Dataset section START

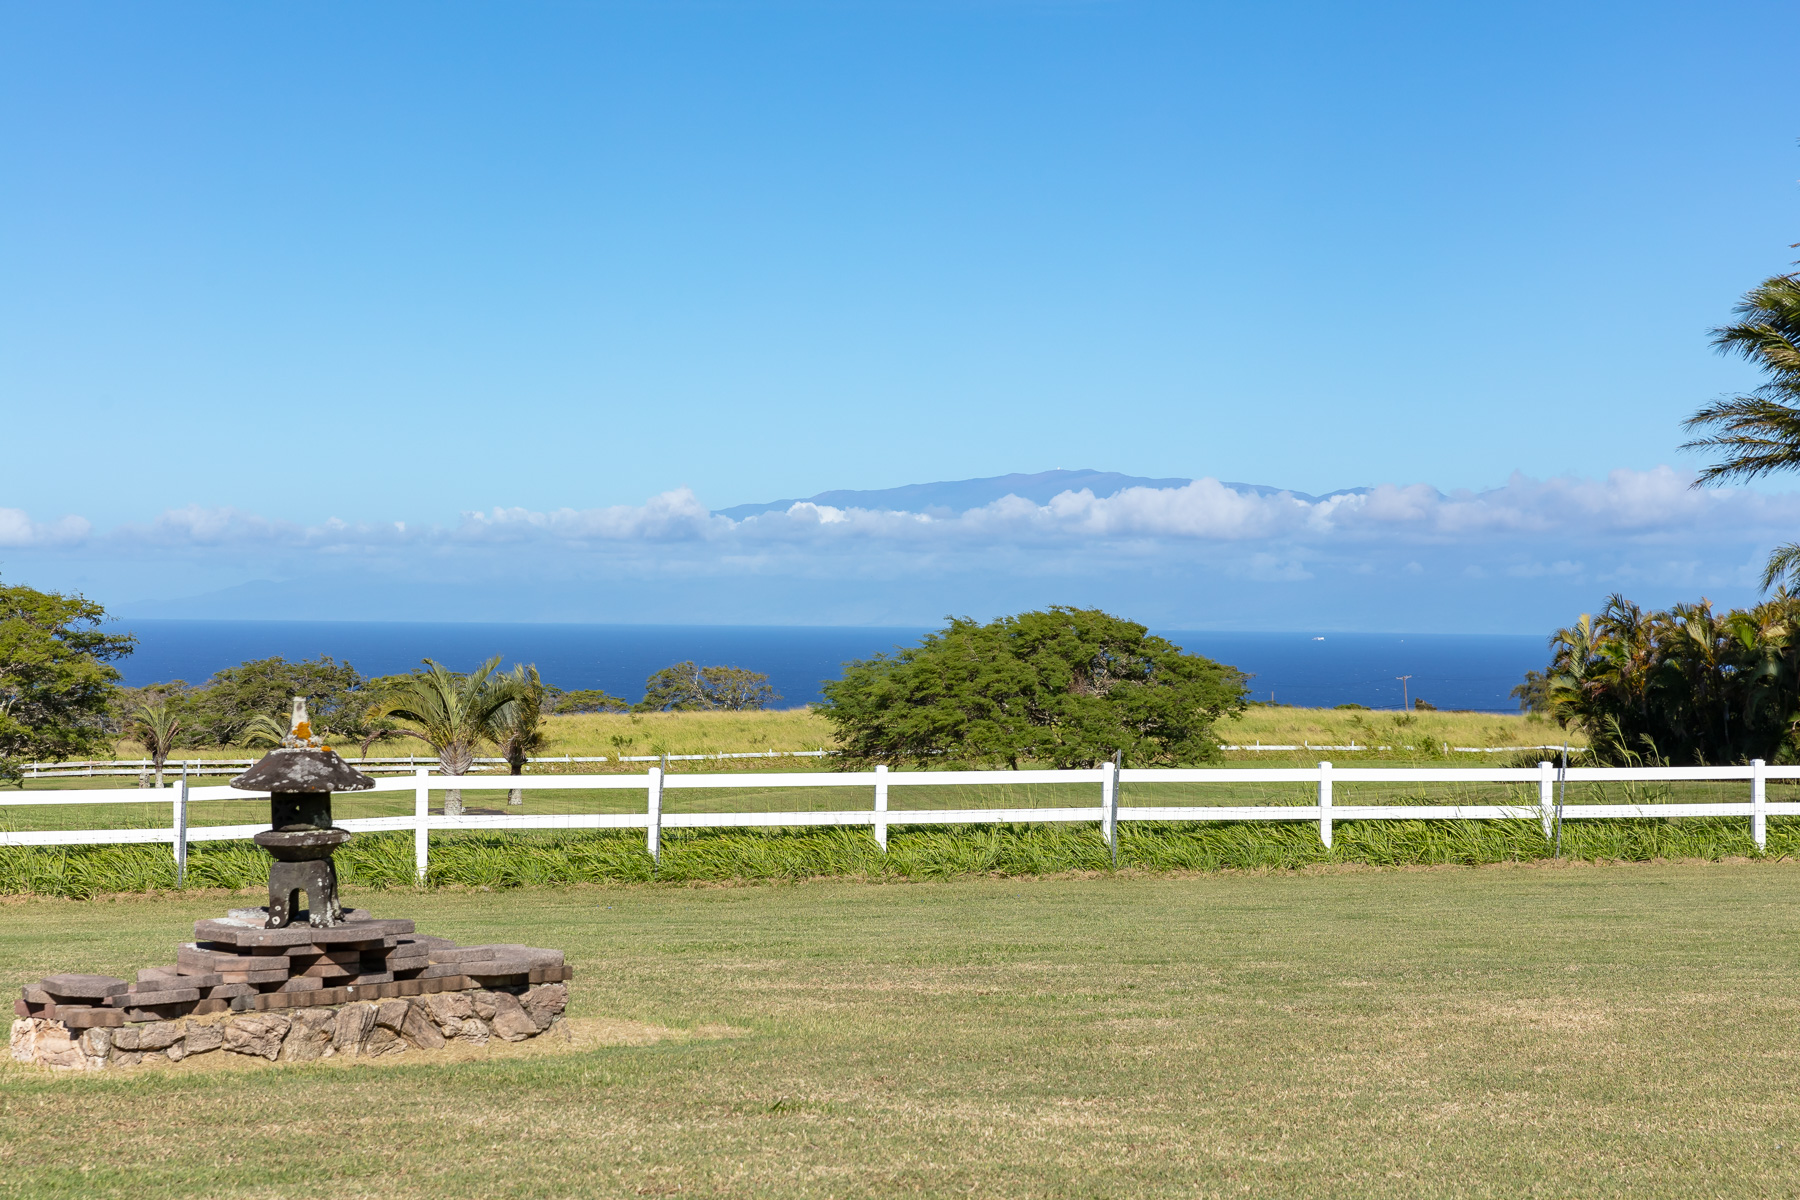 Single Family Home for Active at Puakea Bay Ranch Subdivision 56-2878 Puakea Bay Dr. Hawi, Hawaii 96719 United States
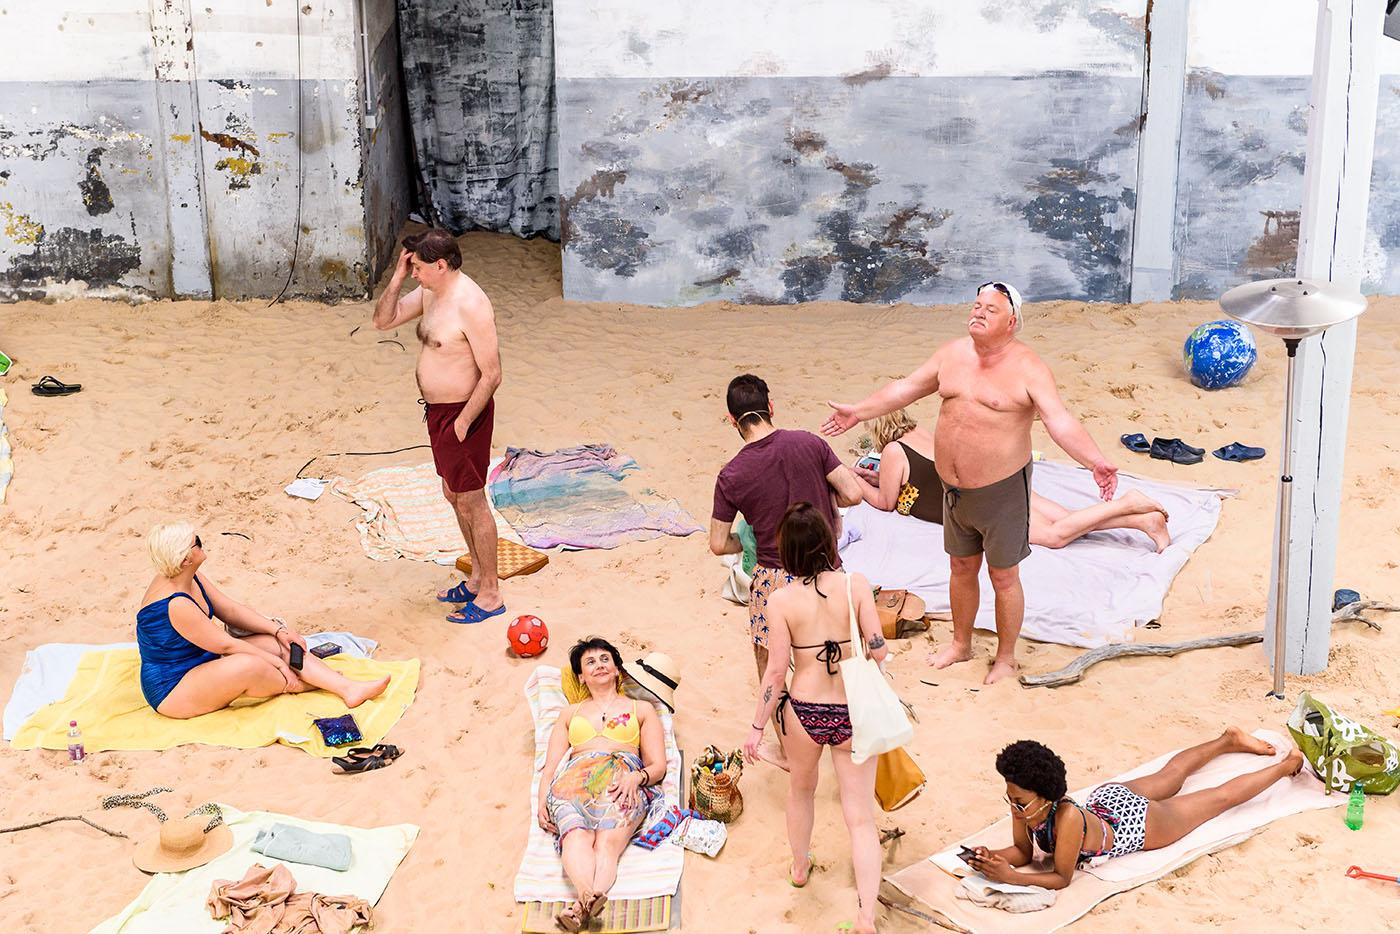 "Rugilė Barzdžiukaitė, Vaiva Grainytė and Lina Lapelytė, ""Sun & Sea (Marina)."" Exhibition view at Lithuania Pavilion, 58th Venice Biennale, 2019. Photography by Andrea Avezzù. Courtesy of the artists and Venice Biennale."
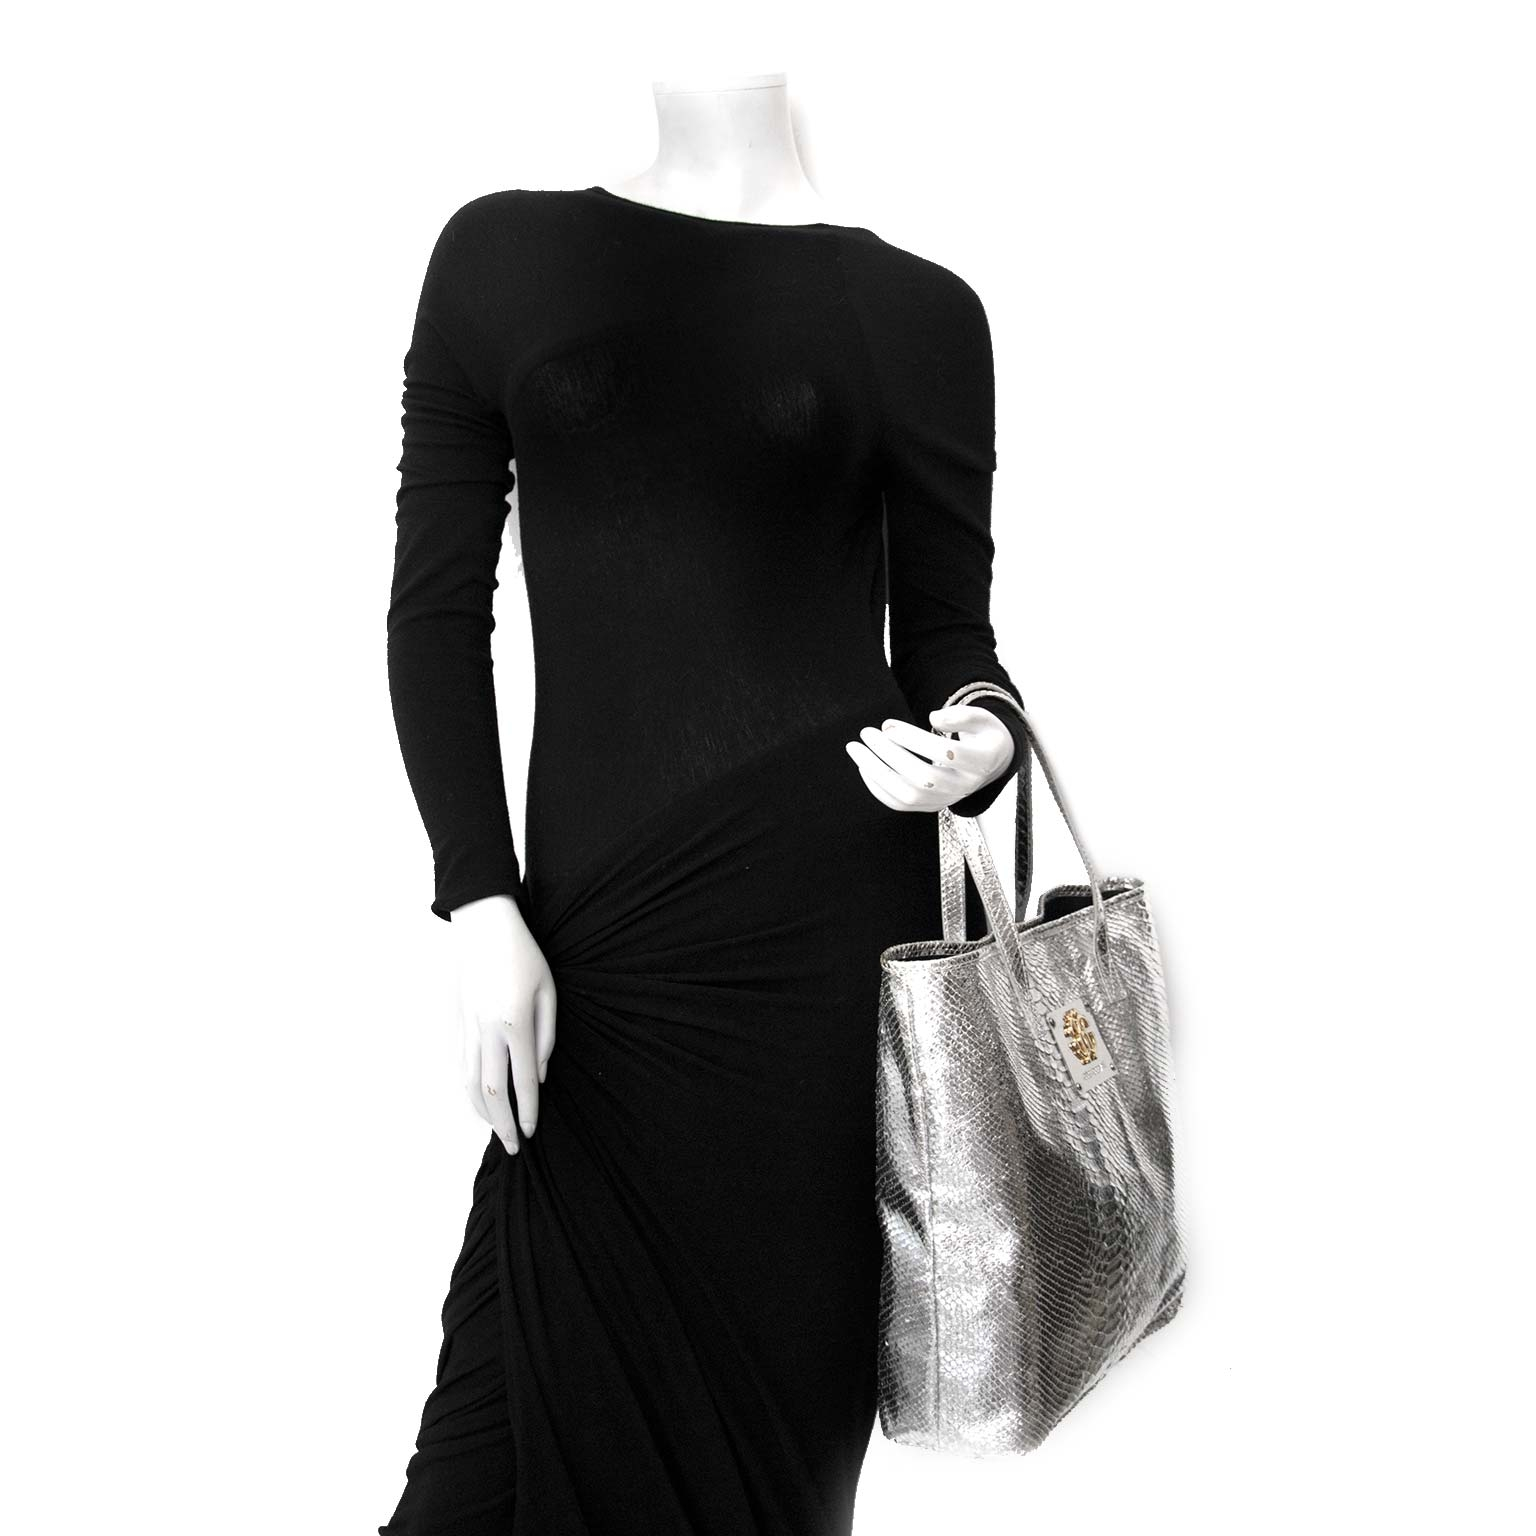 Roberto Cavalli Silver Python Bag Buy authentic designer Roberto Cavalli secondhand bags at Labellov at the best price. Safe and secure shopping. Koop tweedehands authentieke Roberto Cavalli tassen bij designer webwinkel labellov.

Dataset section END

> **Exercise description**
Return all of the material precisely as written. No picture belongs in it.

> **Result of this exercise**
 Single Family Home for Active at Puakea Bay Ranch Subdivision 56-2878 Puakea Bay Dr. Hawi, Hawaii 96719 United States
 "Rugilė Barzdžiukaitė, Vaiva Grainytė and Lina Lapelytė, ""Sun & Sea (Marina)."" Exhibition view at Lithuania Pavilion, 58th Venice Biennale, 2019. Photography by Andrea Avezzù. Courtesy of the artists and Venice Biennale."
 Roberto Cavalli Silver Python Bag Buy authentic designer Roberto Cavalli secondhand bags at Labellov at the best price. Safe and secure shopping. Koop tweedehands authentieke Roberto Cavalli tassen bij designer webwinkel labellov.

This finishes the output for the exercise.